Janissaries an elite core of eight thousand troops personally loyal to the sultan of the Ottoman Empire.

jihad “striving in the way of the Lord.” In Islam, the attempt to achieve personal betterment, although it can also mean fair, defensive fighting to preserve one’s life and one’s faith.

joint-stock company a company or association that raises capital by selling shares to individuals who receive dividends on their investment while a board of directors runs the company.

joint-stock investment bank a bank created by selling shares of stock to investors. Such banks potentially have access to much more capital than private banks owned by one or a few individuals.

justification the primary doctrine of the Protestant Reformation, teaching that humans are saved not through good works but by the grace of God, bestowed freely through the sacrifice of Jesus.

Kulturkampf “culture conflict.” The name given to Bismarck’s attack on the Catholic Church in Germany, which has come to refer to conflict between church and state anywhere.

laissez-faire “let (them) do (as they please).” An economic doctrine that holds that an economy is best served when the government does not interfere but allows the economy to self-regulate according to the forces of supply and demand.

latifundia large landed estates in the Roman Empire (singular: latifundium).

lay investiture the practice in which someone other than a member of the clergy chose a bishop and invested him with the symbols of both his temporal office and his spiritual office; led to the Investiture Controversy, which was ended by compromise in the Concordat of Worms in 1122.
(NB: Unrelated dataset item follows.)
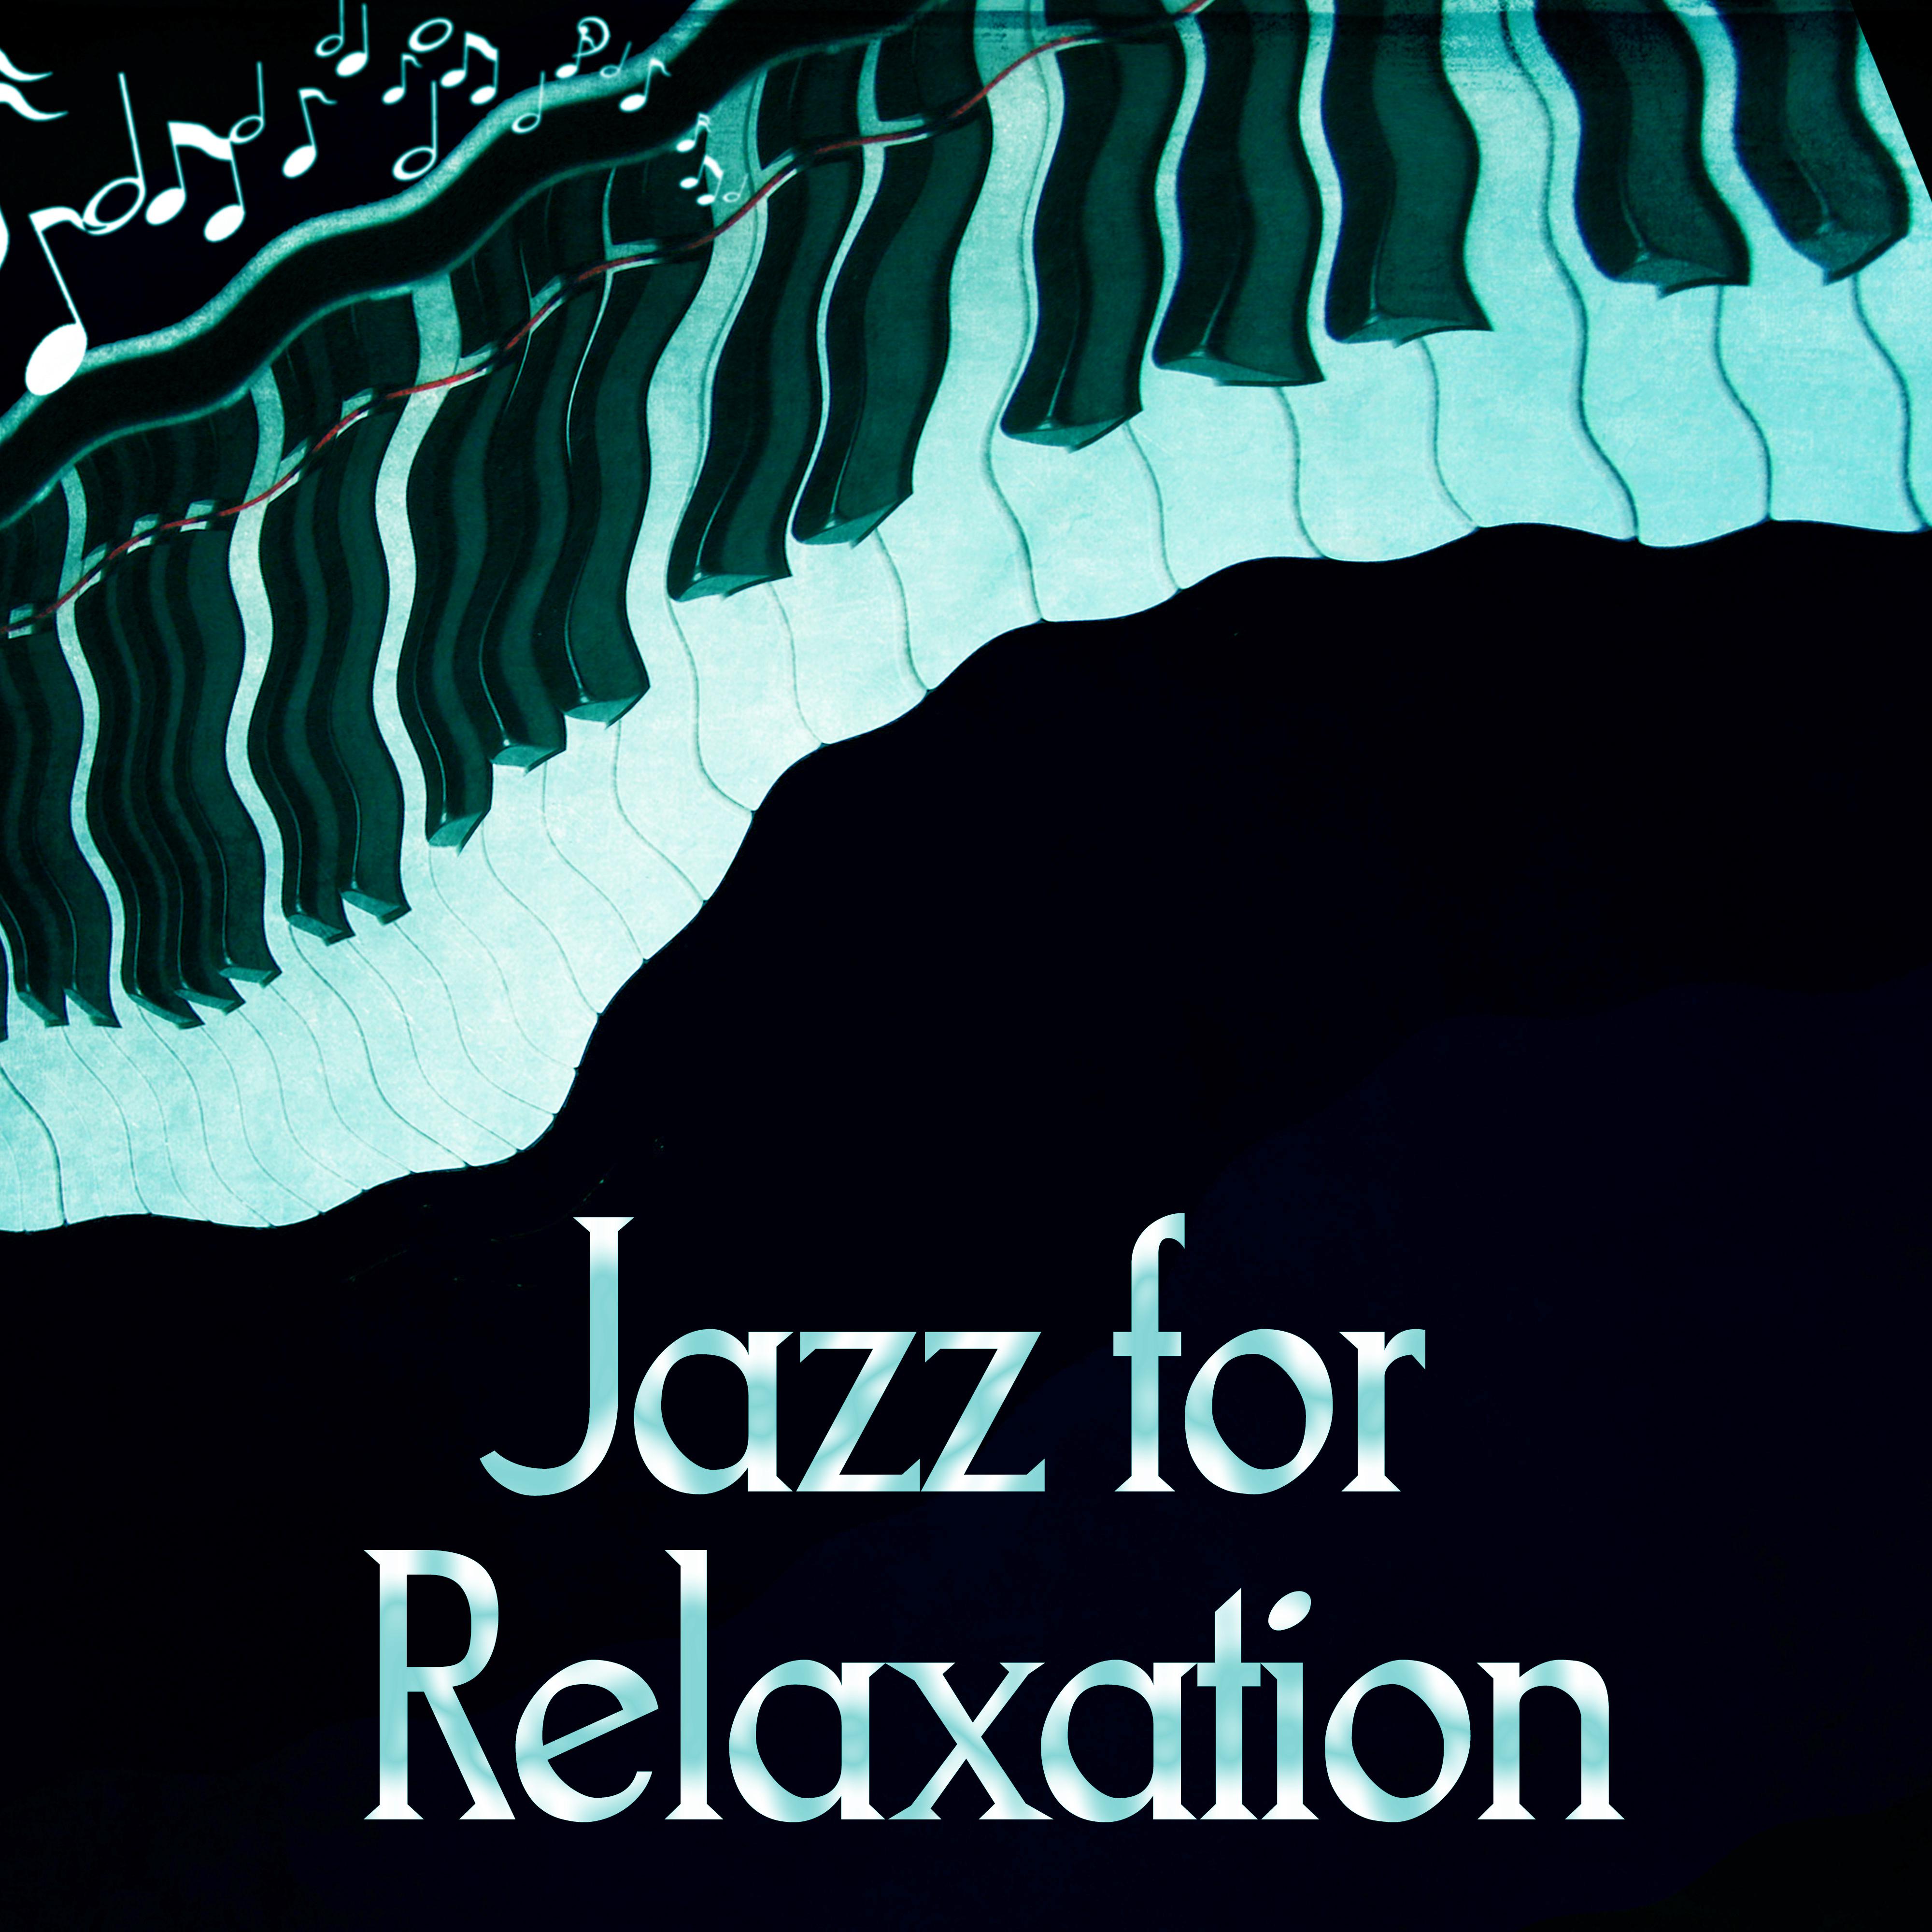 Jazz for Relaxation  Relax in Restaurant, Soft Jazz to Relax, Mellow Jazz, Restaurant  Cafe Bar
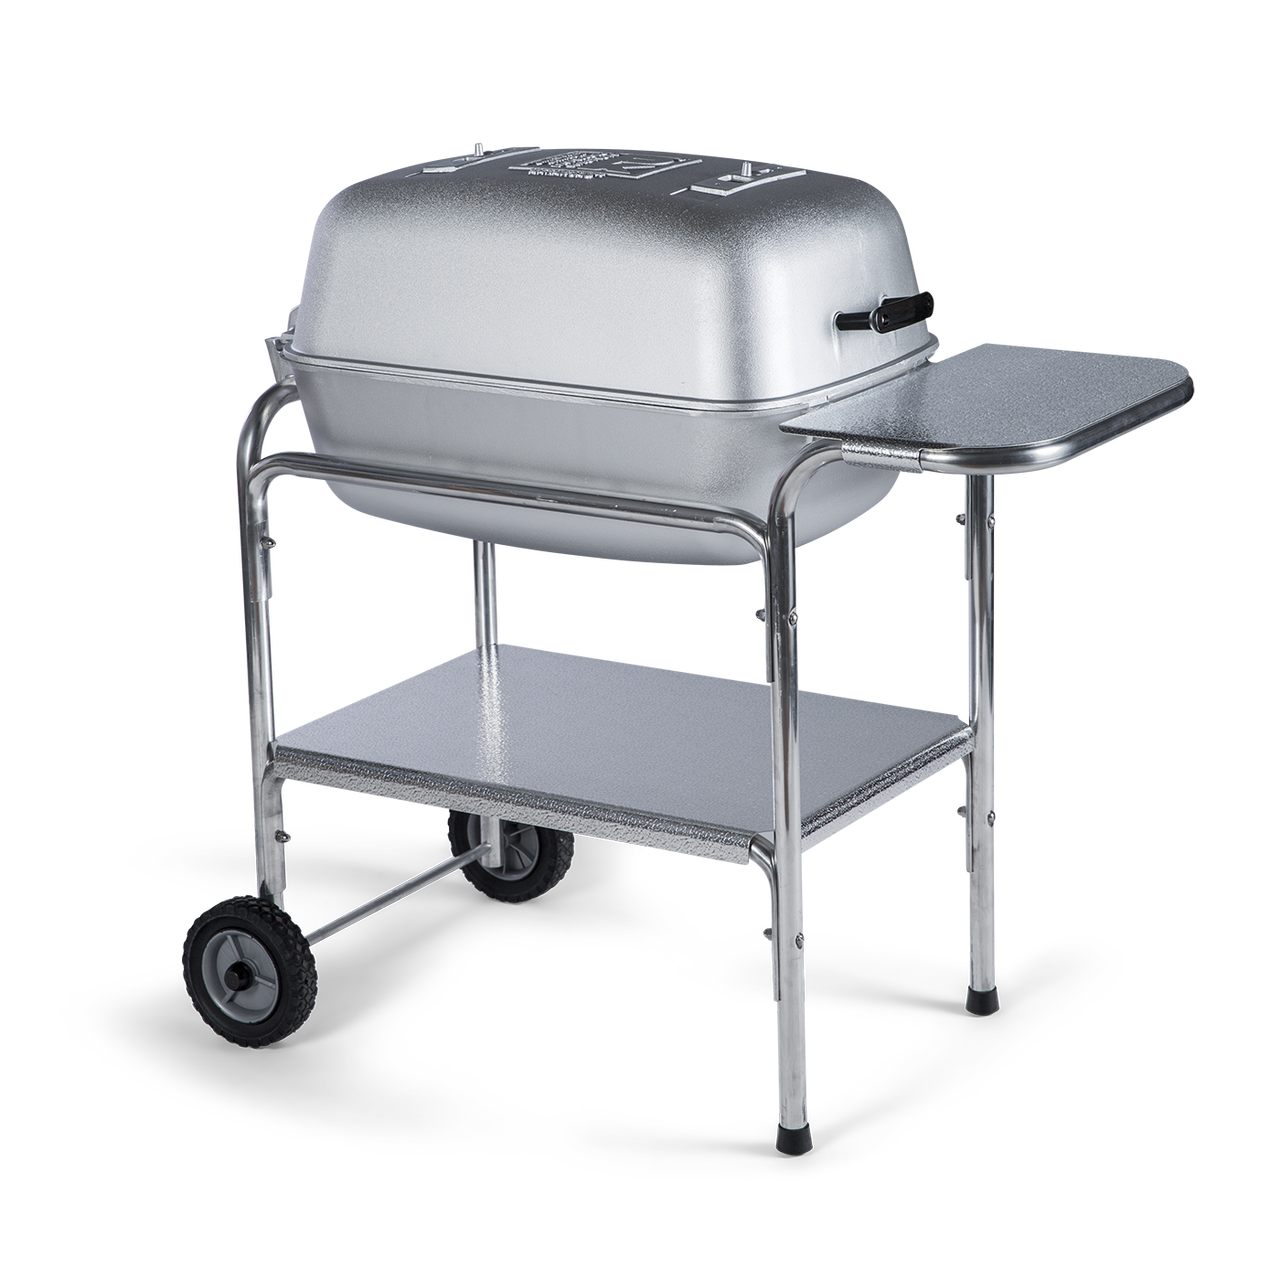 PK Grills the Original PK Grill and Smoker Silver Side View

Lebensraum “living space.” The doctrine, adopted by Hitler, that a nation’s power depends on the amount of land it occupies; thus, a nation must expand to be strong.

legitimacy, principle of the idea that after the Napoleonic wars, peace could best be reestablished in Europe by restoring legitimate monarchs who would preserve traditional institutions; guided Metternich at the Congress of Vienna.

Leninism Lenin’s revision of Marxism that held that Russia need not experience a bourgeois revolution before it could move toward socialism.

liberal arts the seven areas of study that formed the basis of education in medieval and early modern Europe. Following Boethius and other late Roman authors, they consisted of grammar, rhetoric, and dialectic or logic (the trivium) and arithmetic, geometry, astronomy, and music (the quadrivium).

liberalism an ideology based on the belief that people should be as free from restraint as possible. Economic liberalism is the idea that the government should not interfere in the workings of the economy. Political liberalism is the idea that there should be restraints on the exercise of power so that people can enjoy basic civil rights in a constitutional state with a representative assembly.

limited monarchy (constitutional monarchy) a system of government in which the monarch is limited by a representative assembly and by the duty to rule in accordance with the laws of the land.

major domus the chief officer of the king’s household in the Frankish kingdom.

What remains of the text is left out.